─── Information provided

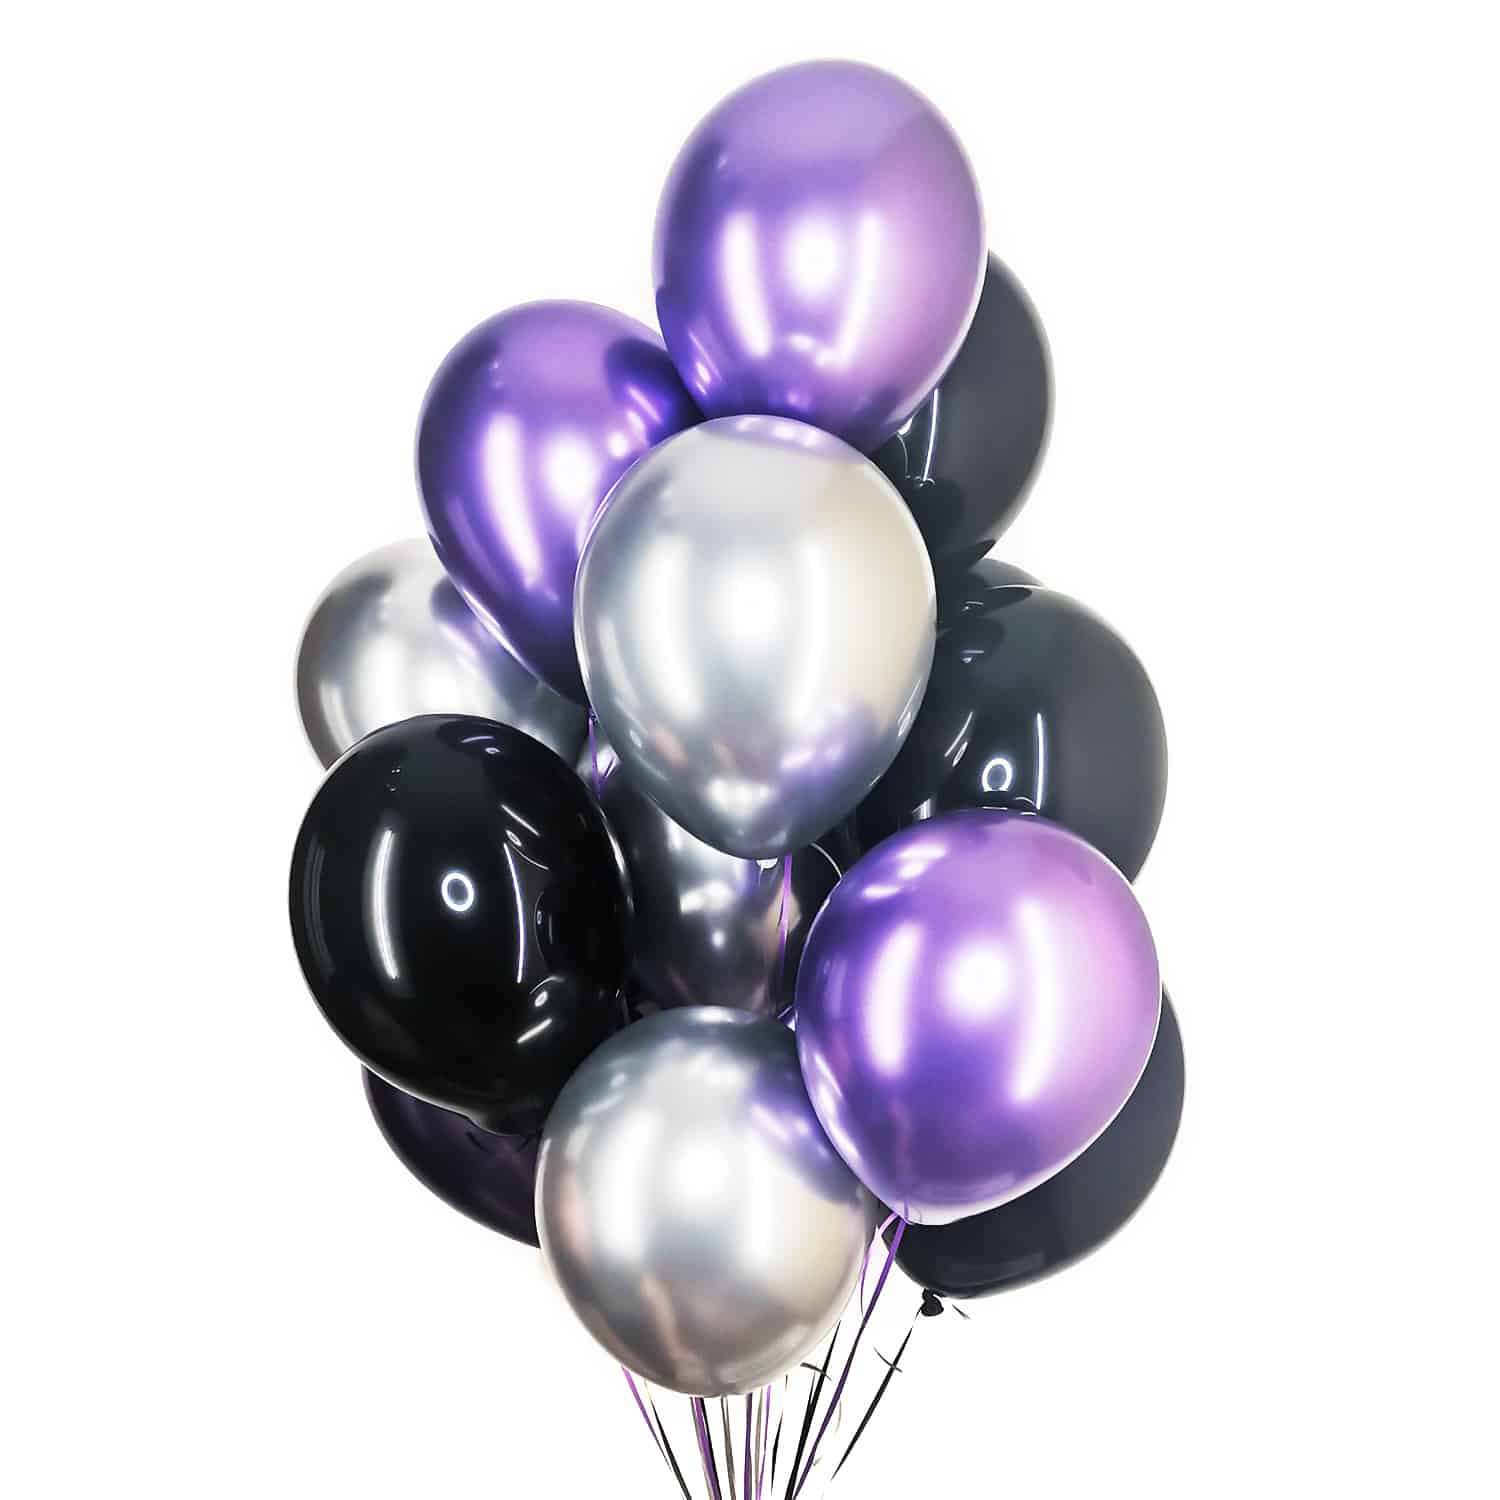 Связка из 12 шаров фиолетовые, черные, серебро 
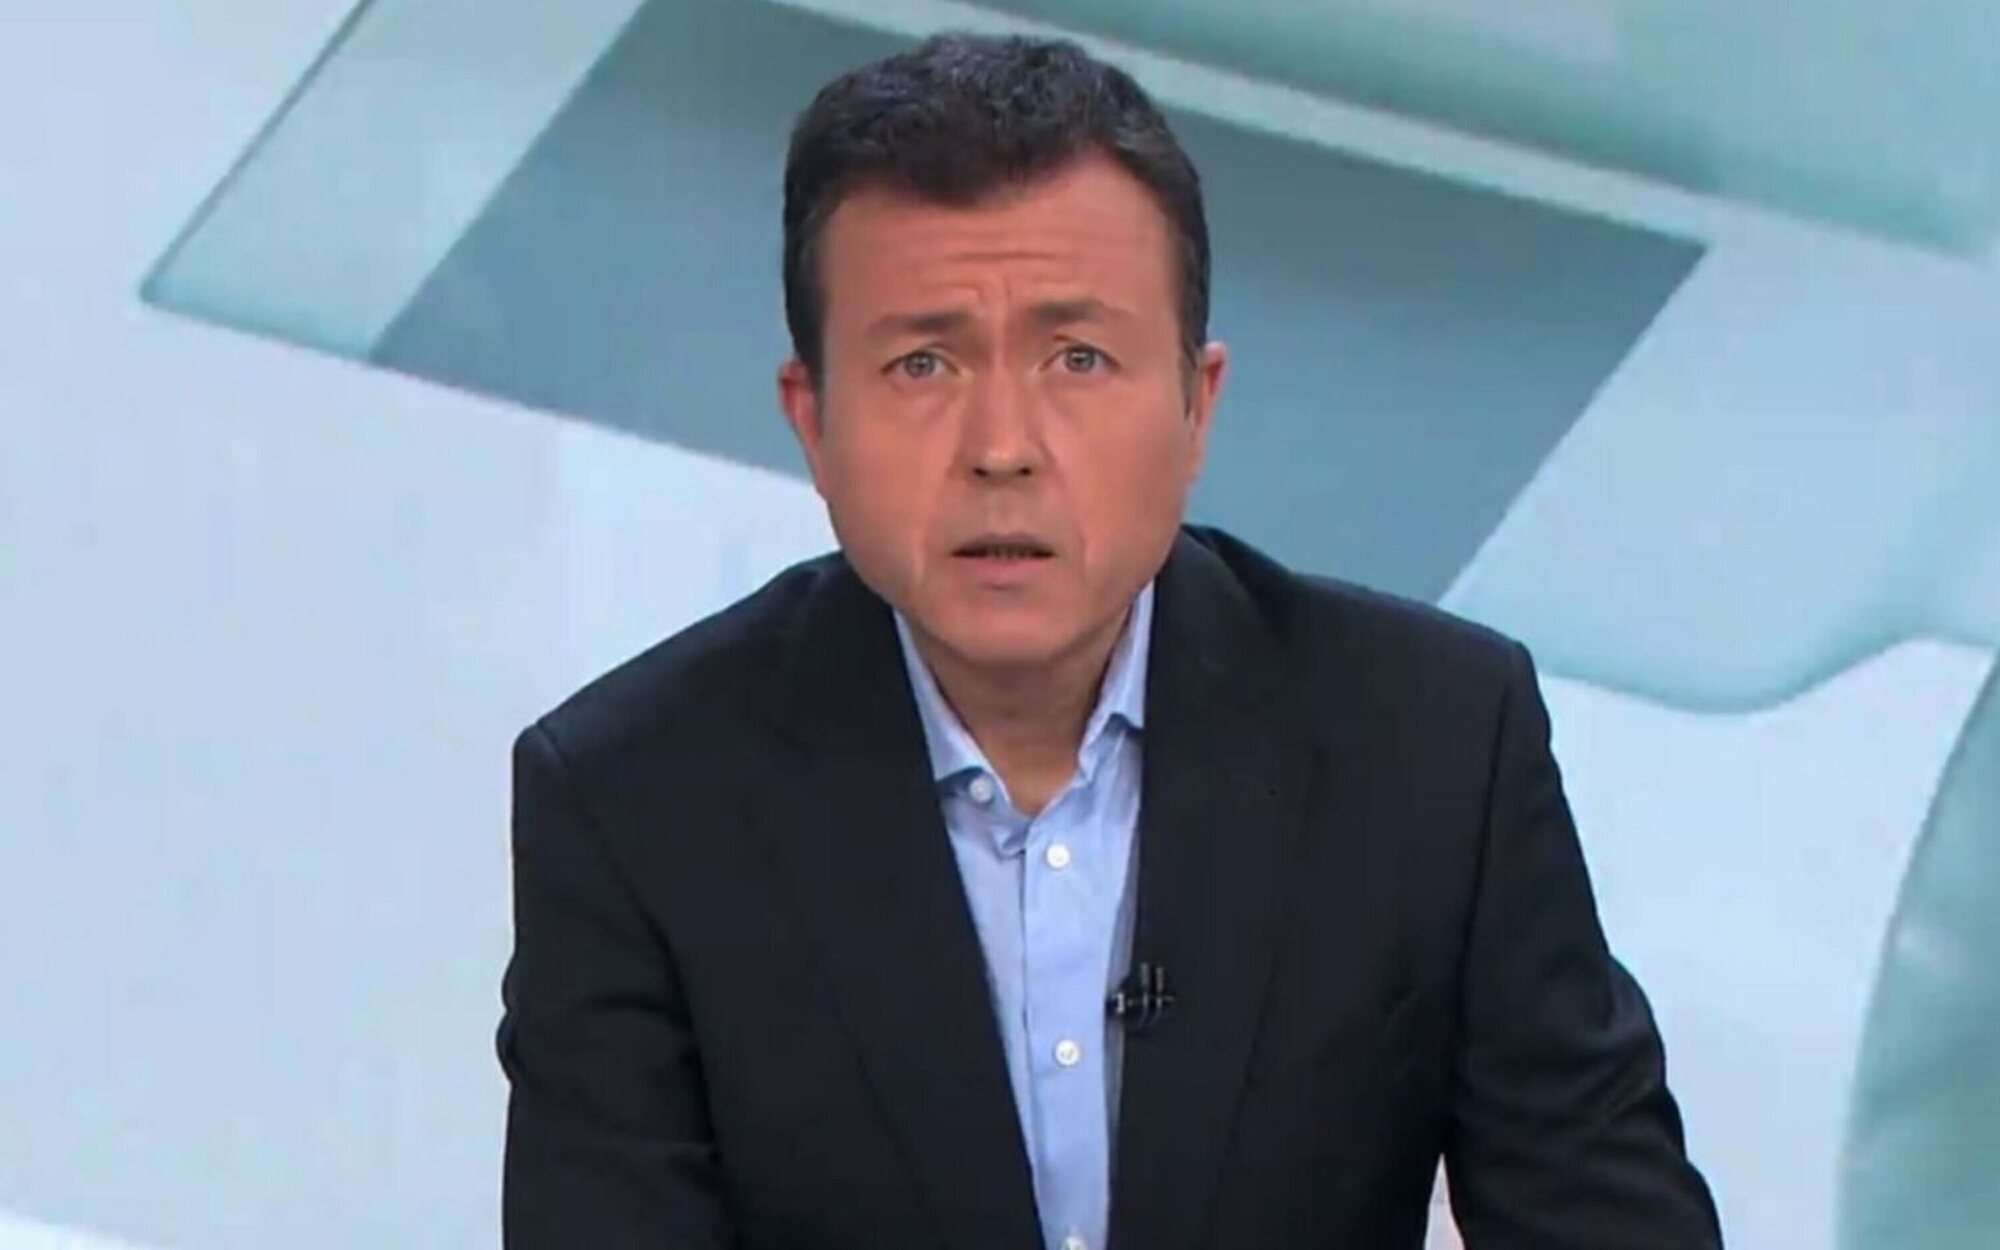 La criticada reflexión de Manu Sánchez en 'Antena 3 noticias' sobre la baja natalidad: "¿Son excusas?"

──────
─── Information provided

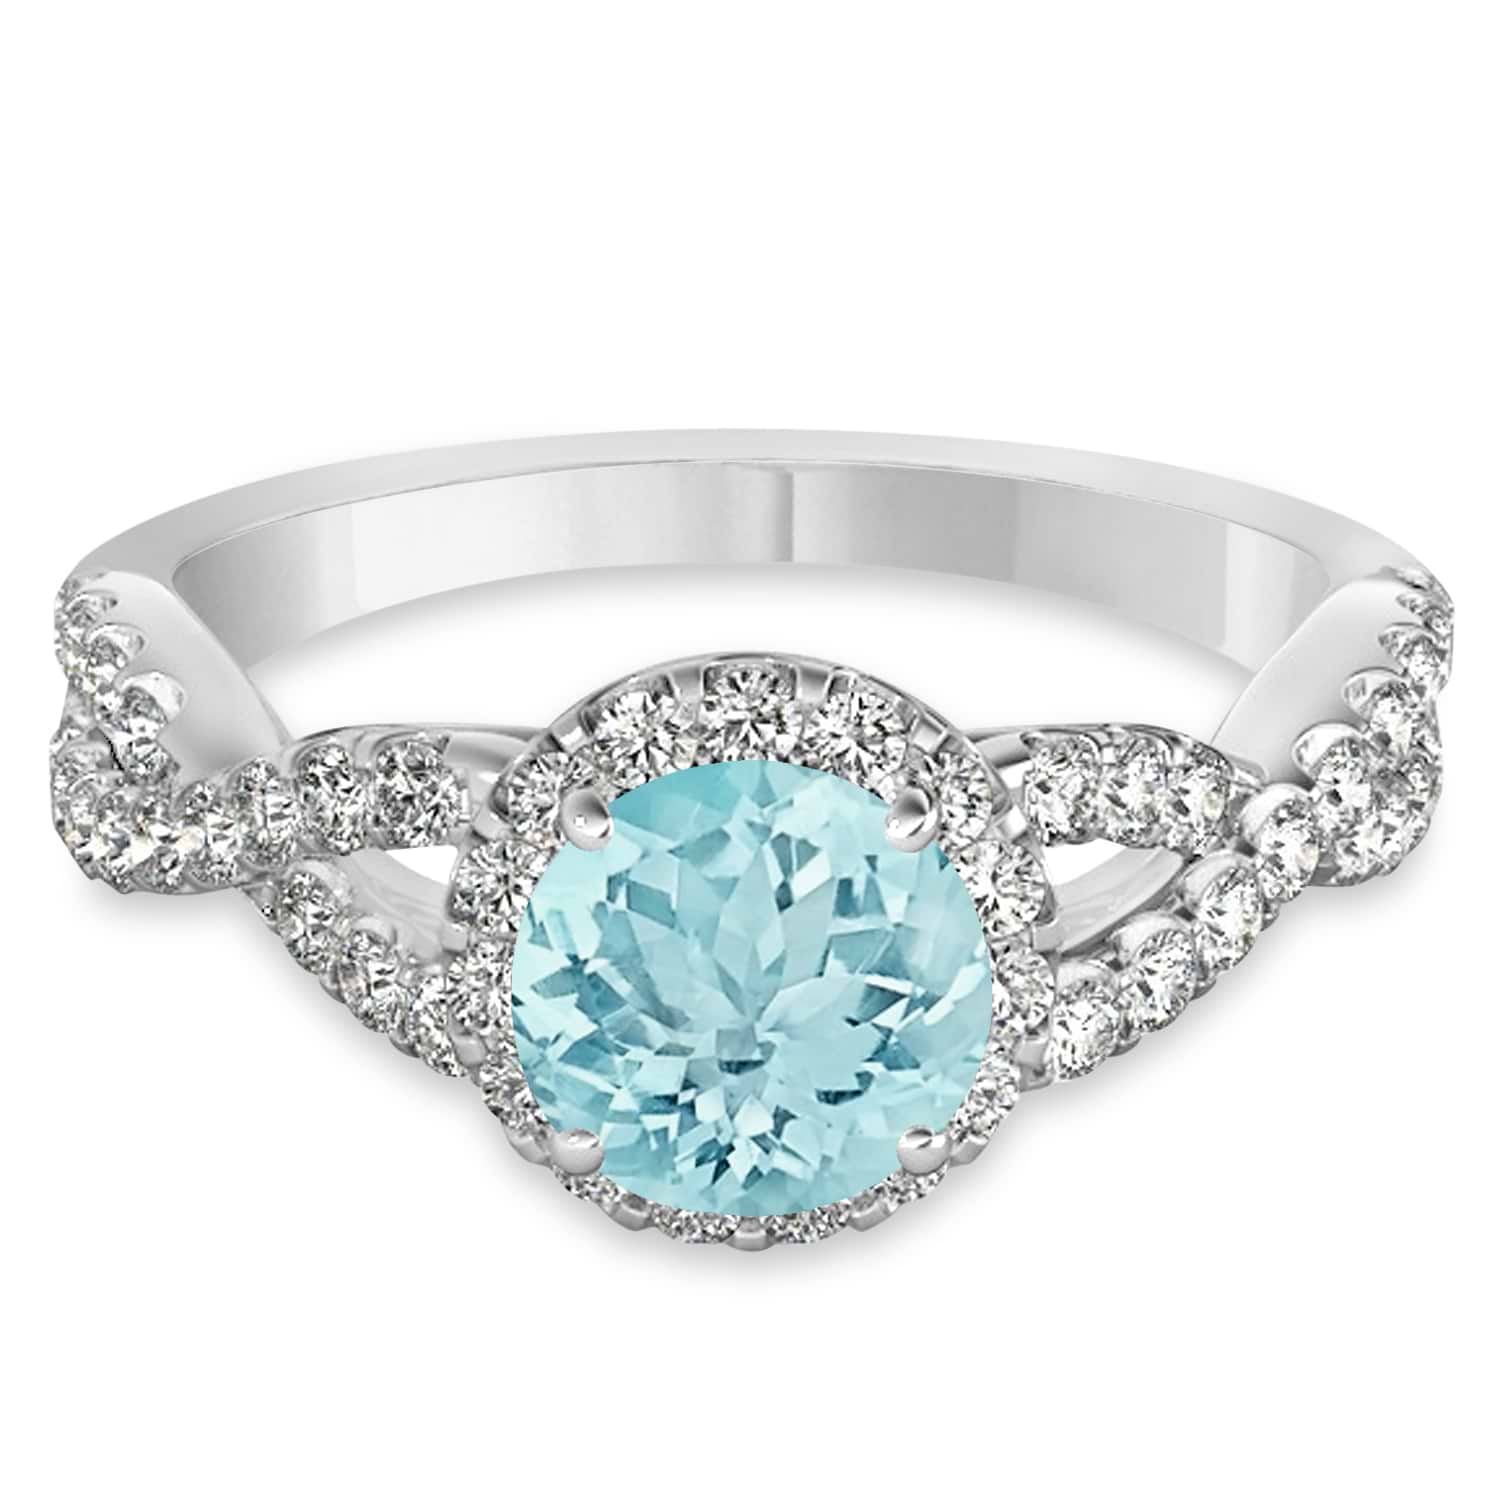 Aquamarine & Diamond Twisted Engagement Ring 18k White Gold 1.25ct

──────

The task: Look above for the line with "Связка из 12" and the line with "La criticada reflexión". Copy them and every line between, exactly, but no pictures.

Your response:
 Связка из 12 шаров фиолетовые, черные, серебро 
 La criticada reflexión de Manu Sánchez en 'Antena 3 noticias' sobre la baja natalidad: "¿Son excusas?"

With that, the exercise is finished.